We arrive at the airport and need to find our way to the cargo building. Someone points us to the old and slightly mangled purple workers’ bus across the road. We wave to them as they start driving off as we approached. I think they too incredulous that we might want to board but open the doors anyway, and wave us in when we tell them where we want to go. We seem to be driving in the right direction but the driver’s mate calls someone and asks where the cargo place is. Oh ho… That’s not sounding good. And now we seem to be heading out on the freeway… Rats… Then the bus pulls over to the side of the 4 lane road and says ‘there’. There?! This is where we had to walk through!

This way to Delhi airport cargo terminal

This way to Delhi airport cargo terminal

And they were quite right, that path did eventually lead us to a customs gate with a guard and his machine gun. (We haven’t mentioned this before, but there are machine guns everywhere, and often carried or resting in dubious ways.) We need an entry pass so up to a little office we go. The queue suddenly grows behind us as we have given our Australian passports which they are not familiar with. As we leave with our entry pass, a sikh who has just arrived goes straight to the counter, pushing past everybody. A small shouting match erupts, which brings the machine gun toting guard to the office, away from his post. And so we walk straight through the unmanned post into the secure customs area!!

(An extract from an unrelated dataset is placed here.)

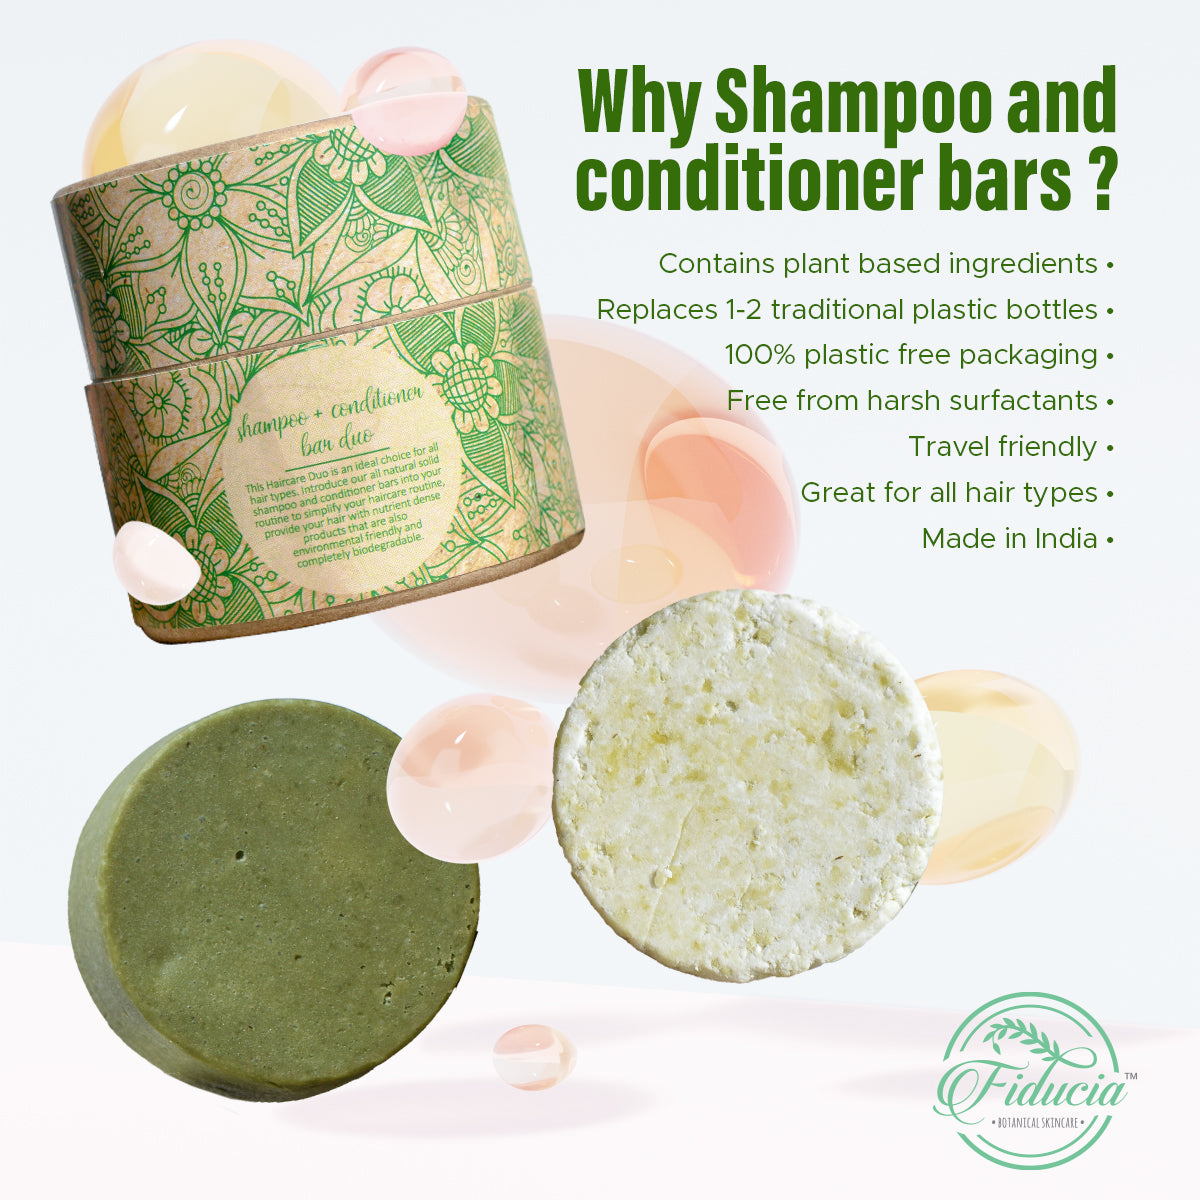 Shampoo + Conditioner Duo

After completing step 1 of a very long process, and with our duly stamped and paid for Delivery Order form, we need to find the next office. This where we meet up with Kristjan. The officer will be there in 5′ he’s been told for the past half hour. When we are told this, Anthony and I both burst out laughing. We just know it won’t be 5′. Eventually, an official arrives and calls us into another office. Carnets. We hand over our carnets. You want some tea? Oh yes, that would be lovely. We wait. Not sure what for, 2 more men are asked to make us tea which never arrived. Then our official calmly tells us we first need to go to the new customs house to sort out the bond. But we have carnets. Yes you need carnets but also bond. Maybe the bond man is the one who stamps the carnet we think. So we set off. It is now hot. And the new customs building is not next door. More like a kilometer away!!…

A lovely Nepalese man at the new building wants our passports for another entry form. He tells us that the bond officer will be back Tuesday so we should come back Tuesday. We don’t want to believe him as today is not a holiday at this facility which claims to operate 24/7. So we go to his office. There is a massive padlock on his door. The guy is definitely not there… So our lovely
Nepalese was right, we have to come back Tuesday, 11am. He won’t be there earlier because it is just after holidays we are told.

So that is it. End of customs clearance for the next 2.5 days!!!!!

A customer kindly gives us a lift to our airport hotel, the 3 of us check in and decide to have lunch together. “We should go and do something during these 2 days we now have to kill”, I suggest, to which Anthony says “why don’t we hire a car and drive to Agra”. Brilliant idea. Kristjan suggests getting a driver. Even better.

So, we leave tomorrow morning at 6am for a trip to Agra with driver and guide and get back Monday afternoon/evening, in time to continue with our customs clearance exercise Tuesday morning. So civilised!!

Next news from us after Agra and Delhi customs clearance attempt # 2!!!

– Anne

Delhi – the good, the bad and the ugly

And so we arrived at Indira Ghandi Airport after a 3 hour flight with budget airline Flydubai. It is 4am and 28 degrees. We only have 2 small bags as hand luggage so are able to leave the airport pretty swiftly. We walk past all the taxi touts, looking ahead, towards the official taxi line, somewhere… ah, over there! One pesky tout doesn’t leave us and we eventually give in. Mistake # 1!!!! We know that now, not then. He walks us over to a waiting car. We give him our hotel address which he passes onto the driver. I look at the driver’s face and as we are about to leave, I ask our tout, through my window, whether our driver knows where we are going. The answer is no!! So our tout gets into the car too, to make sure we get there ok. How kind of him!!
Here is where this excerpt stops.